A kaleidoscope of property tax opportunities - the 'Super-deduction' in full colour
Save the date - Thursday November 11 at 1:30 p.m. - when the Super-deduction will come into sharp focus at our next webinar.
Our Managing Director Alun Oliver FRICS and Property Tax Surveyor Todd Arnison hosted the live event online about this allowance introduced in early 2021 - including subsequent changes which now benefit landlords and property investors.
They gave insights into how money can be saved via the super deduction and illuminated the opportunities to capitalise on the benefits it offers.
What was covered?
Background
The Super-deduction was announced in the Budget in March 2021 and then included in the Finance Act 2021 with Royal Assent on 10 June 2021.
It gave corporation tax payers the chance to claim a 130% capital allowance on expenditure qualifying as plant and machinery in what the tax legislation references as the 'Main Pool' or 50% special rate allowance in respect to asset expenditure allocated to the 'Special Rate pool' for integral features, thermal insulation or long-life assets on new expenditure from April 1 2021 to the end of March 2023.
What changed
Initially, the allowances were not available to property investors due to a wide-ranging restriction for leasing activities, including property letting; but following sustained industry lobbying, the Government relented and has allowed qualifying expenditure in leased buildings to qualify for this accelerated allowance.

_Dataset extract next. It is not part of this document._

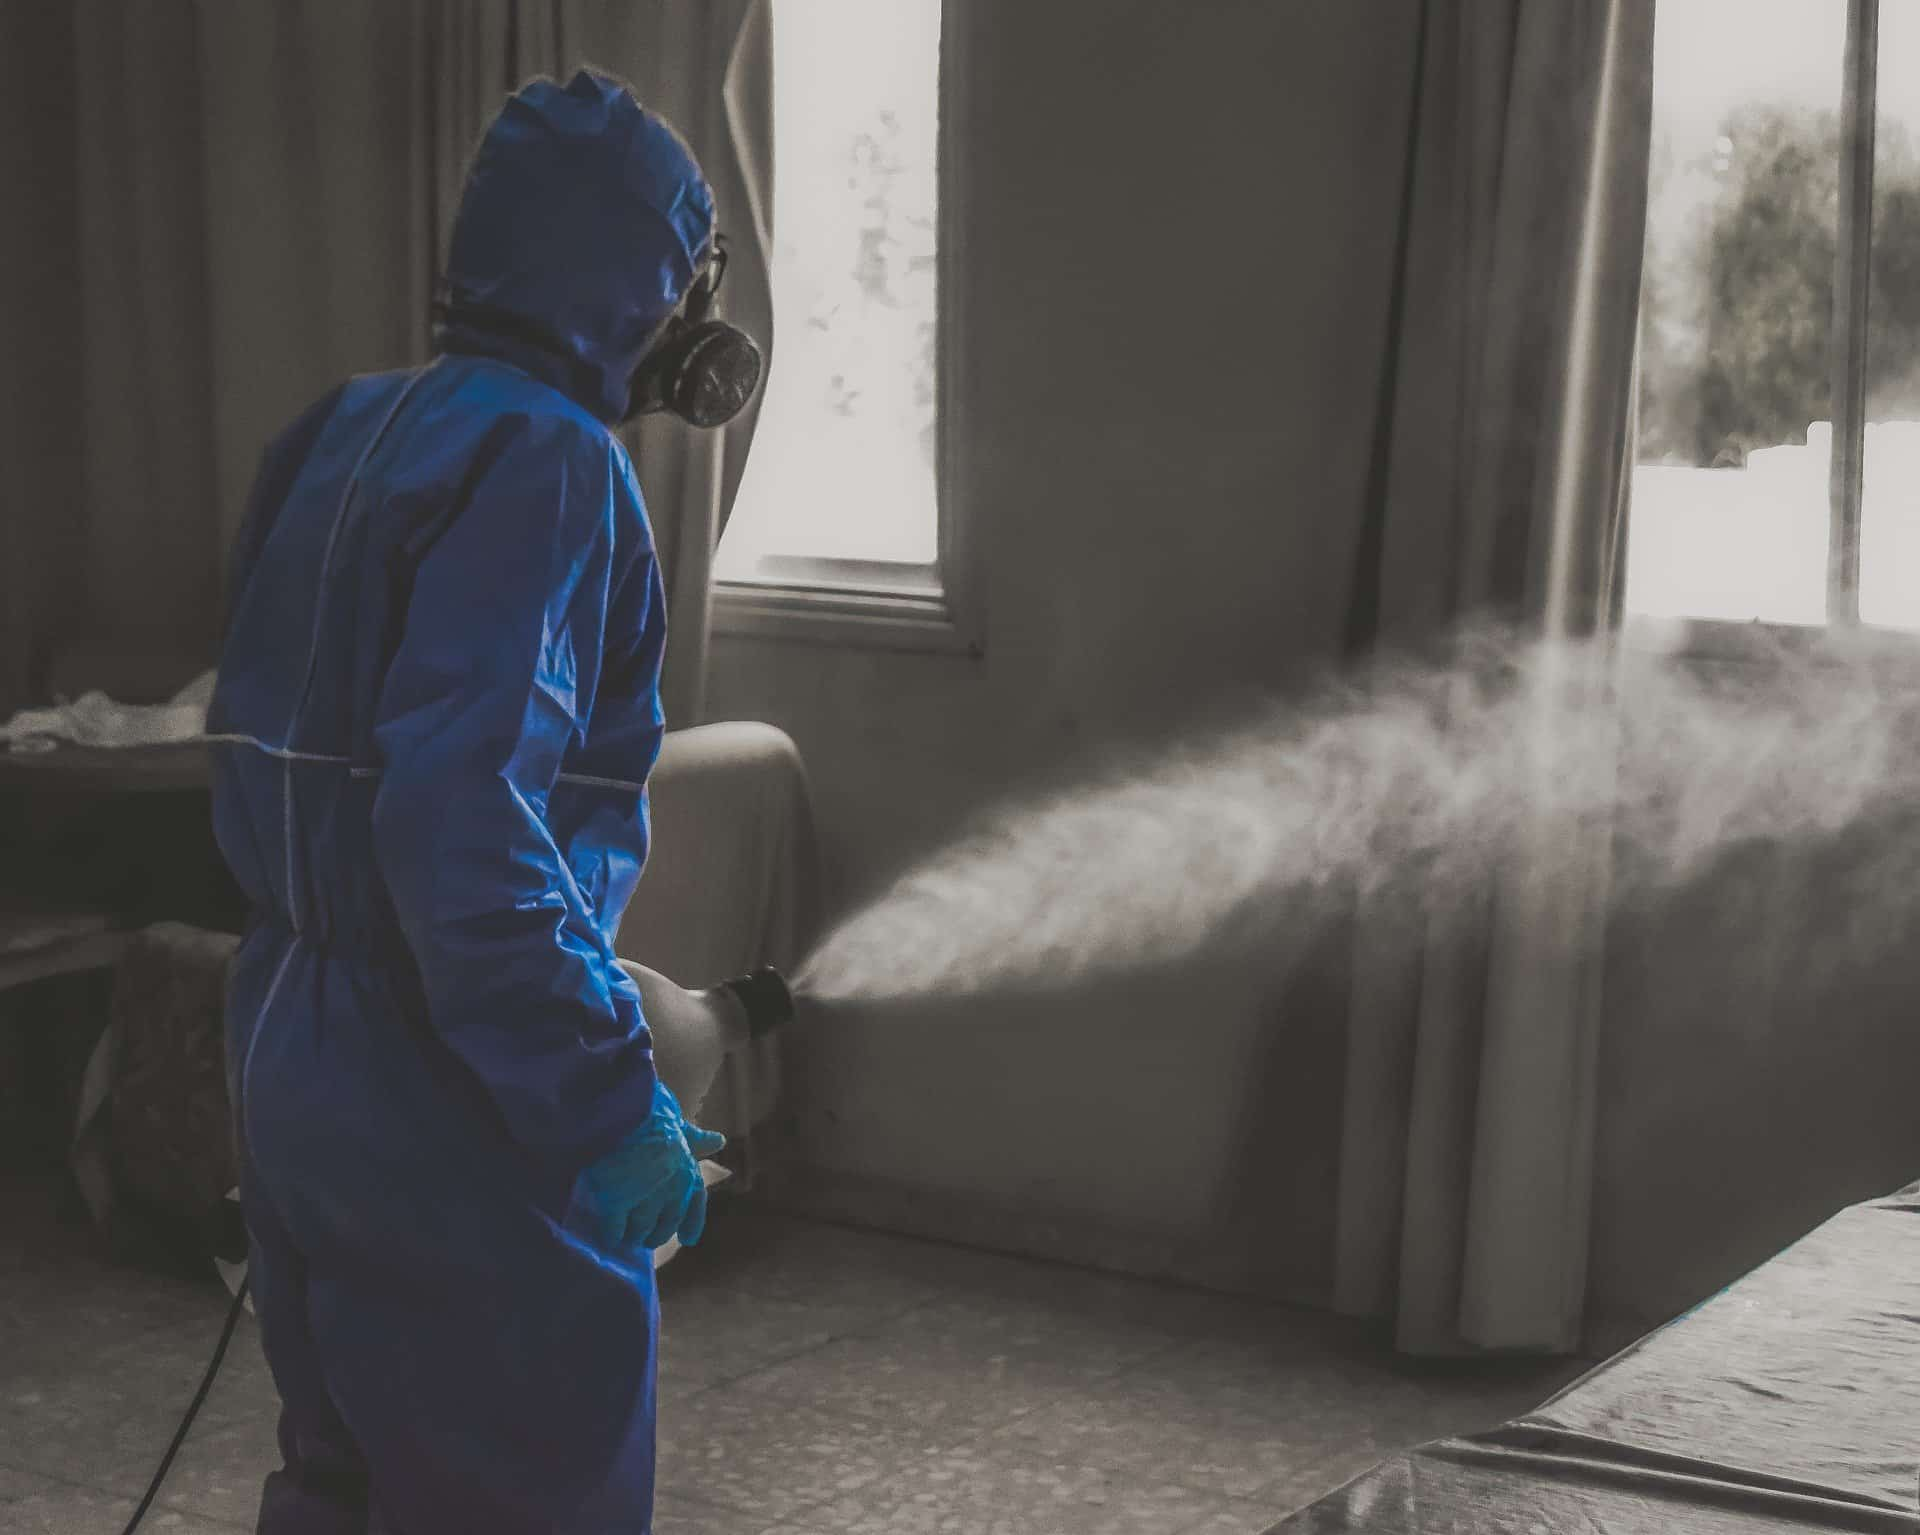 Entreprise de nettoyage : comment trouver des clients ?

Who benefitted from attending?
It was of value to owner-occupiers, landlords & tenants, investors, chartered surveyors, accountants, solicitors, and other property professionals.
Why did people attend?
The very welcome changes for landlords and investors creates an exciting spectrum of opportunities beyond the very clear financial benefits and money to be saved.
It should play a role for those with expected future asset investment in cashflow forecasting and enable more flexibility in a strategic approach to investment whether that means advancing project timescales to bring schemes forward or launch concurrent or new projects.
It may allow higher specification for existing and new projects or even help to fund investment in business growth, new employees and/or training and development of staff.
The webinar provided a better understanding about the Super-deduction and wider kaleidoscope of capital allowances, as well as clarify the processes involved and qualifying criteria for claiming these useful tax savings.
There were valuable insights and case studies to give colour and illustrate best practice, compliance, project risk management, savings optimisation and cash flow enhancement.